What is required
Every line in the records below between the one holding "Correlación entre la" and the one holding "2021年6月8日北京新发地,山东寿光,云南,河北石家庄今日蔬菜价格行情一览表", inclusive, is to be set down exactly; all other lines are to be left out.

Extracted records

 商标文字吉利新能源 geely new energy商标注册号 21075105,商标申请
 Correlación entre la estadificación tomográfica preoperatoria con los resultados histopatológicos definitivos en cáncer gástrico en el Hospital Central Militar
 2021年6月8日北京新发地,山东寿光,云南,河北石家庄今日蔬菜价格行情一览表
* * *
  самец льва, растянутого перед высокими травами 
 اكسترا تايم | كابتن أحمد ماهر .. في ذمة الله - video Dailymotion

Result
 Correlación entre la estadificación tomográfica preoperatoria con los resultados histopatológicos definitivos en cáncer gástrico en el Hospital Central Militar
 2021年6月8日北京新发地,山东寿光,云南,河北石家庄今日蔬菜价格行情一览表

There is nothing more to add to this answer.